Тожество моего сознания — синтетическое, то есть алогичное тожество различного, тожество не того же самого. Это дар мне Бога, дар, который я не могу принять, потому что мне, как сотворенному, он не по силам, и не могу не принять, потому что я уже получил его. Тогда этот дар мне — реальное синтетическое тожество самосознания, видение видения в видении меня Богом — в грехе и рефлексии повредился и является мне в форме изменчивости и прехождения, во временной форме. Мое самосознание настолько извращено в невозможности ни принять, ни не принять Божественный дар мне, что в рефлексии именно изменчивость и прехождение я принимаю за содержание и сущность своей души, а единство для меня только абстрактная форма; причем в рефлексии это единство настолько опустошено, что стало только аналитическим тожеством понятия, полюсом интенциального отношения — трансцендентальным ничто. Тогда души и вообще нет. А так как моя инвариантность абсолютна, то есть не подчинена законам времени, то если душа не бессмертна, то ее вообще нет, есть только смена психических состояний. Нет и видения видения, а значит, и видения невидения. Но тогда нет и ощущения вины и сознания греха, нет и стыда, и раскаяния, и покаяния. Тогда на меня не смотрел бы мой пустой, невидящий, чужой взгляд.

Пустой невидящий взгляд опустошает меня, я теряю себя самого: я — не я. Но как я могу сказать: я — не я? Кто я, который не я? Кто я, говорящий себе самому: я — не я? Ведь это не абстрактные теории, не слова, я вижу это, все время вижу в страшном, опустошенном взгляде, не оставляющем меня.

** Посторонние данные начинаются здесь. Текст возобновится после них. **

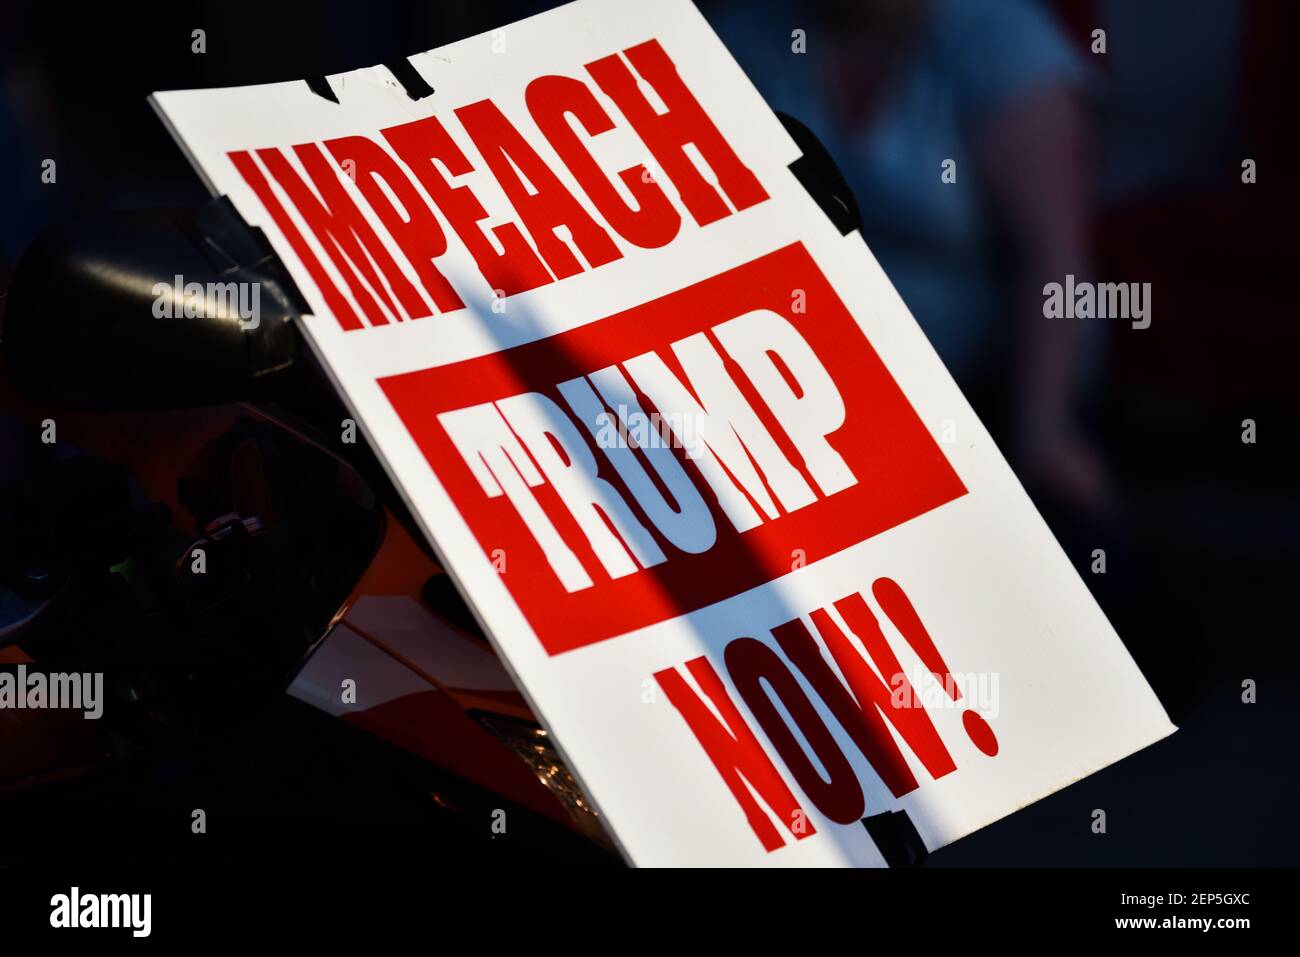 Impeach Trump Now signs indicates displeasure with Donald Trump, July 4th parade, Montpelier, VT, USA. Stock Photo

Это видит каждый человек, если внимательно посмотрит на себя, если у него хватит смелости взглянуть на себя самого.

В грехе и рефлексии я разделил подаренное мне синтетическое тожество самосознания: я отделил единство и тожество от многообра зия и различного, первое я представляю себе как пустое аналитическое тожество понятия, второе — как несоединенное слепое многообразие, источник нечистоты и зла. Но, только гипостазируя аналитическое тожество или синтетическое единство самосознания, его можно принять за добро, чистую волю, категорический императив, идею блага или какую-либо другую гипостазированную идею. Само это дихотомическое разделение есть теоретическая сублимация свободного выбора, то есть греха. Оттого и мутит, что свою синтетическую тожественность — тот же не тот же — я представляю себе в рефлек сии: в свободе выбора, во времени, в грехе. Первоначальную слепую, еще не прозревшую тожественность — в невинности — я потерял, новую в — Христе — еще не получил: я получаю ее в вере, я призван к тому, чтобы усилием восхитить Царство Небесное. Моя абсолютная инвари антность — вечная жизнь в Христе. Поэтому Христос и говорит о вечной жизни в настоящем времени: «Верующий в Сына имеет жизнь вечную» (Ин. 3, 36). «Слушающий слово Мое и верующий в Пославшего Меня имеет жизнь вечную и на суд не приходит, но перешел от смерти в жизнь» (Ин. 5, 24).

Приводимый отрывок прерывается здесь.